AI agents invoke eval_tool_call_accuracy to trigger actions in Multivon. What it does depends on the arguments the agent supplies, and its effects often reach beyond the immediate call — builds kicked off, notifications sent, workflows started.
The tool name suggests it evaluates tool call accuracy, likely running some form of execution or assessment against tool calls. Given the server context ('direct access to evaluation tools') and sibling tools that perform evaluations, this likely executes an evaluation process. However, with an empty description, confidence is lowered.
From the tool's definition Tool name: eval_tool_call_accuracy; description is empty/uninformative.
Attacks that exploit this kind of access
eval_tool_call_accuracy. It is categorised as a Execute tool in the Multivon MCP Server, which means it can trigger actions or run processes. Use rate limits and argument validation.

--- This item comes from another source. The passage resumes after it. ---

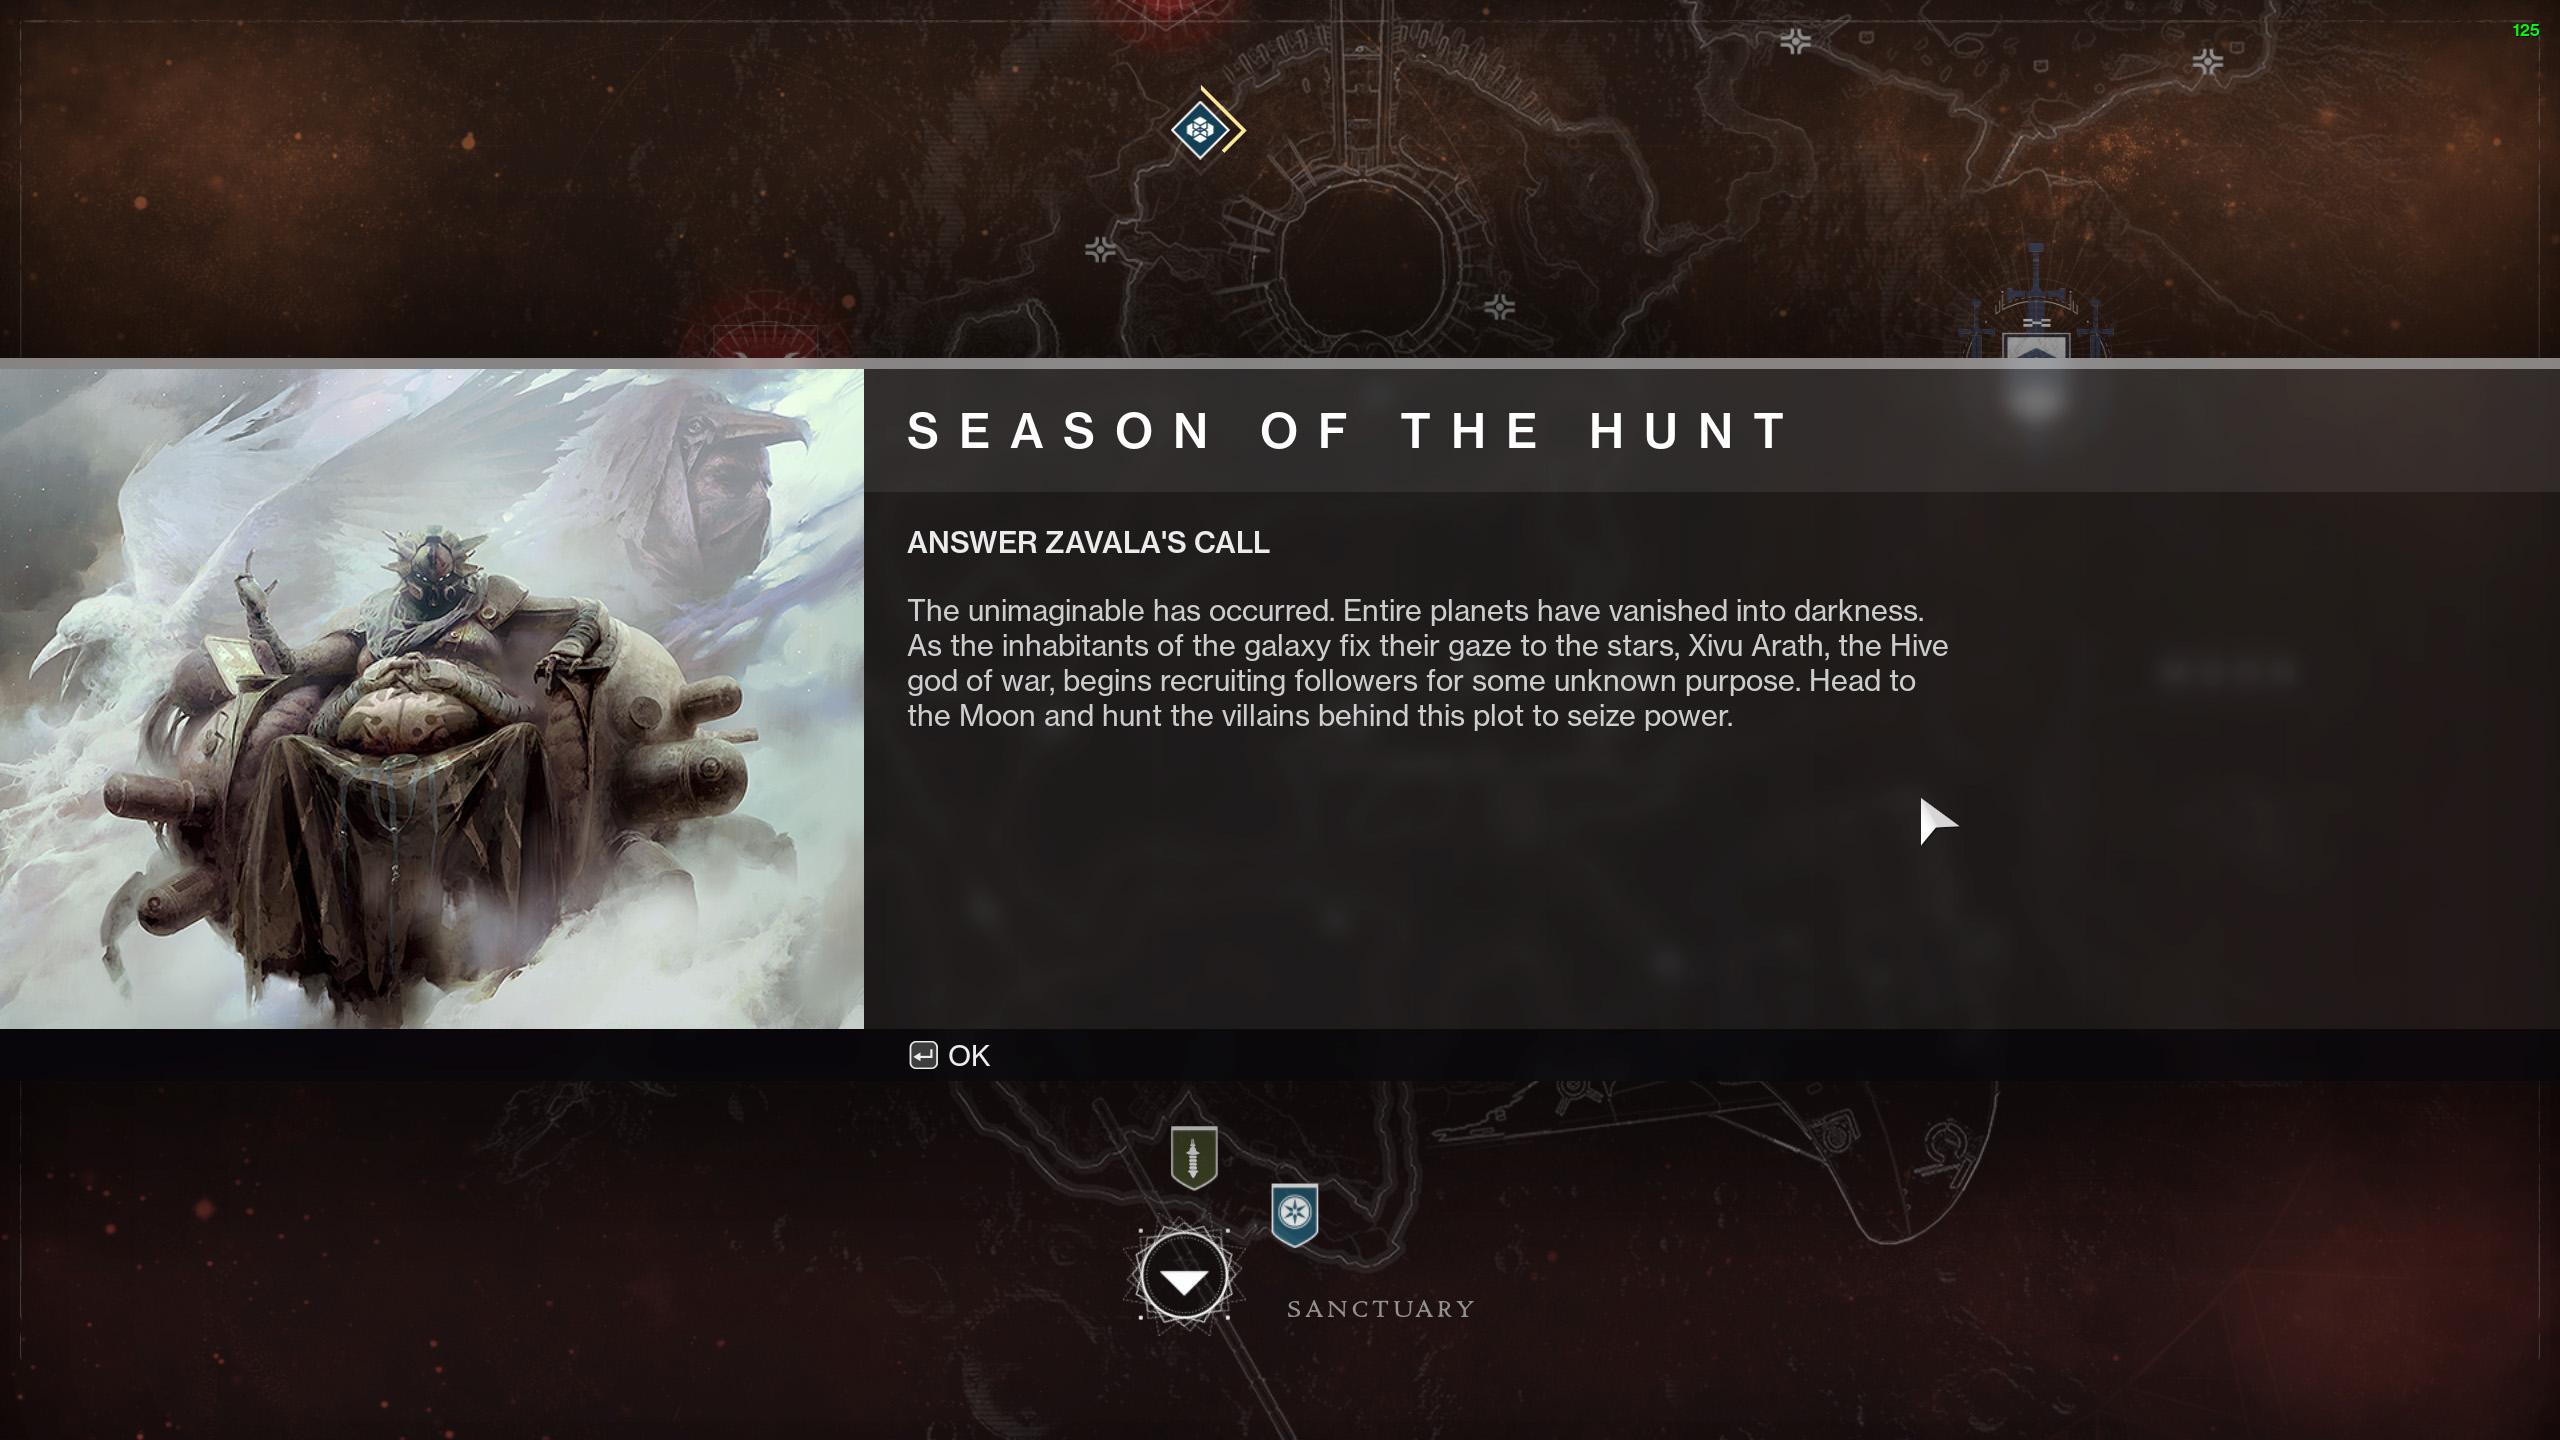 destiny 2 season of the hunt campaign

Register the Multivon MCP server in PolicyLayer and add a rule for eval_tool_call_accuracy: allow, deny, rate-limit, or require approval. Point your MCP client at the PolicyLayer proxy URL and the rule is enforced on every call, before it reaches Multivon. Nothing to install.
eval_tool_call_accuracy is a Execute tool with high risk. Execute tools should be rate-limited and have argument validation enabled.

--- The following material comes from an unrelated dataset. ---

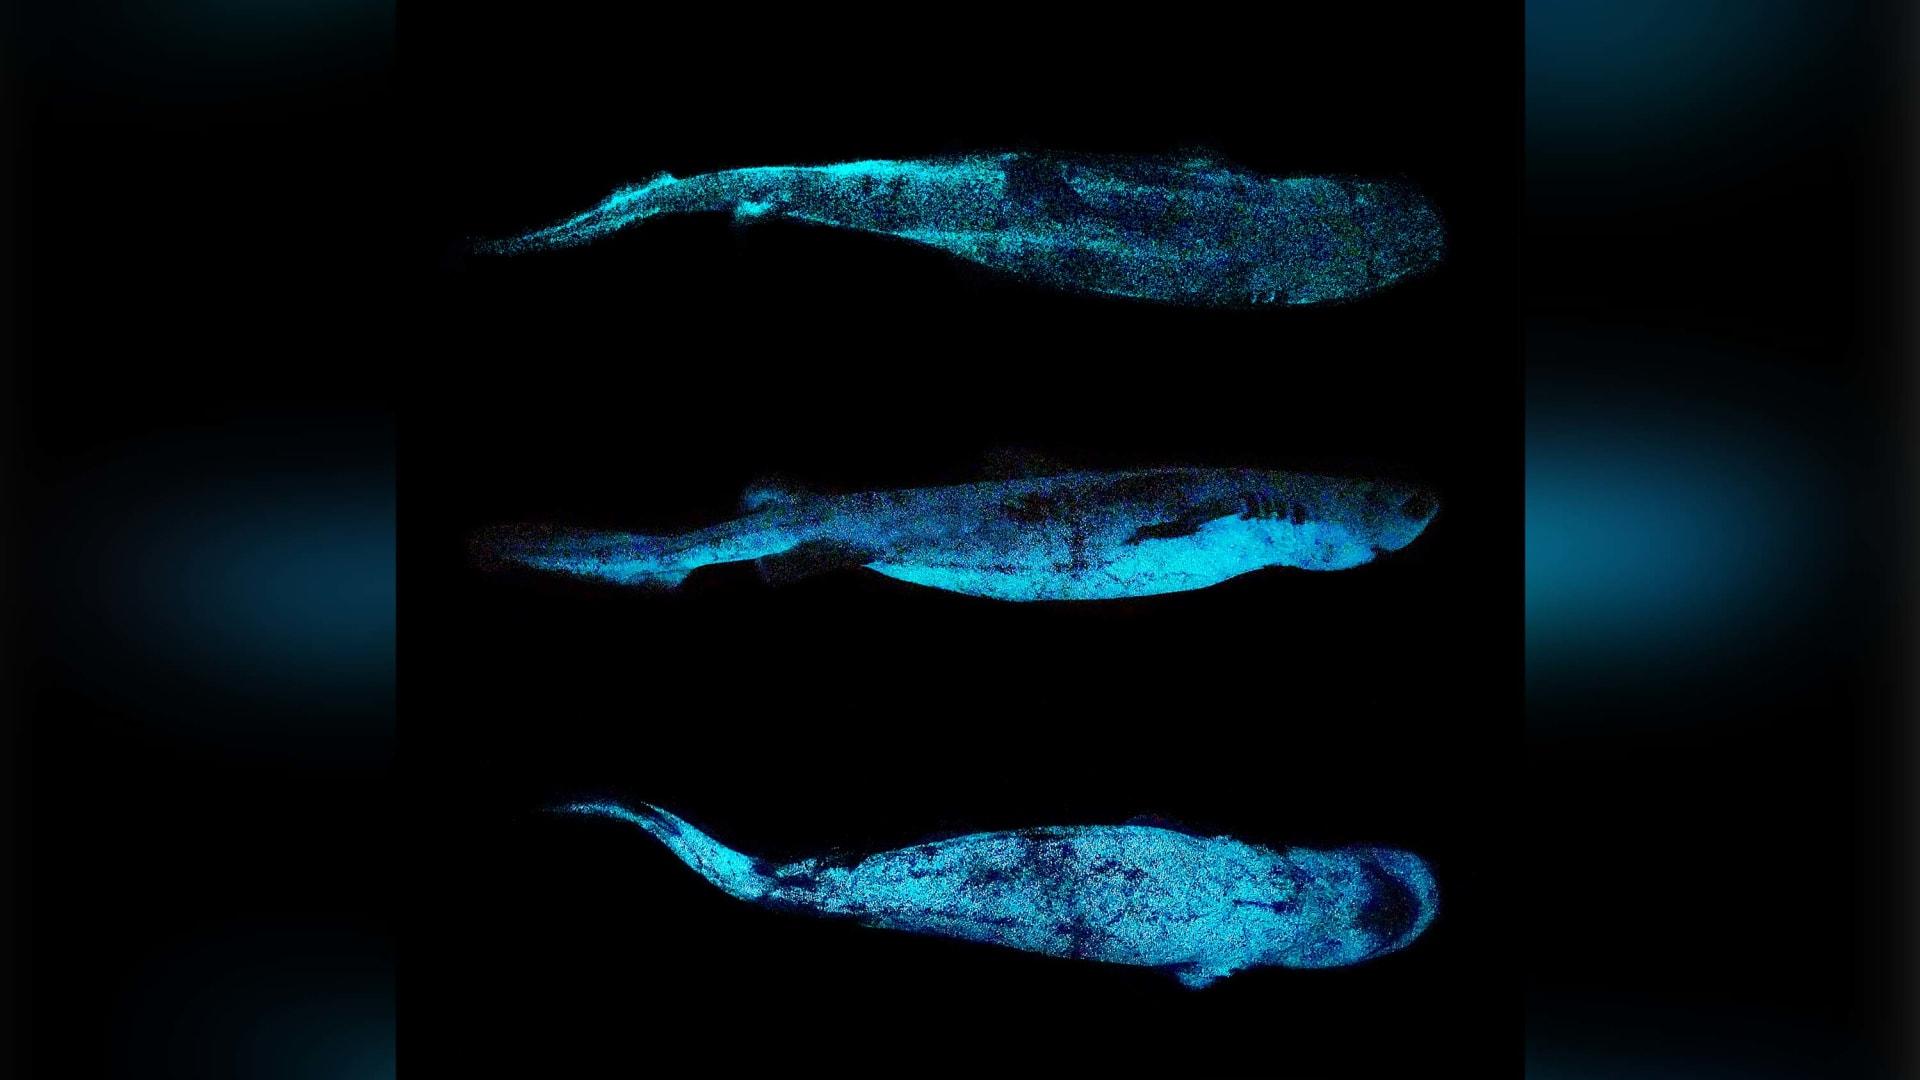 في لقطة نادرة.. دلافين متوهجة في الظلام تسبح عبر المحيط

Yes. Add a rate_limit block to the eval_tool_call_accuracy rule in your PolicyLayer policy. For example, setting max: 10 and window: 60 limits the tool to 10 calls per minute. Rate limits are tracked per agent session and reset automatically.
Set action: deny in the PolicyLayer policy for eval_tool_call_accuracy. The AI agent will receive a policy violation error and cannot call the tool. You can also include a reason field to explain why the tool is blocked.
eval_tool_call_accuracy is provided by the Multivon MCP server (multivon-ai/multivon-mcp). PolicyLayer sits as a proxy in front of this server to enforce policies before tool calls reach the server.
Every MCP server has a record like this.
Type a name, get the same breakdown: verified identity, auth posture, risk grade, capabilities, recommended policy.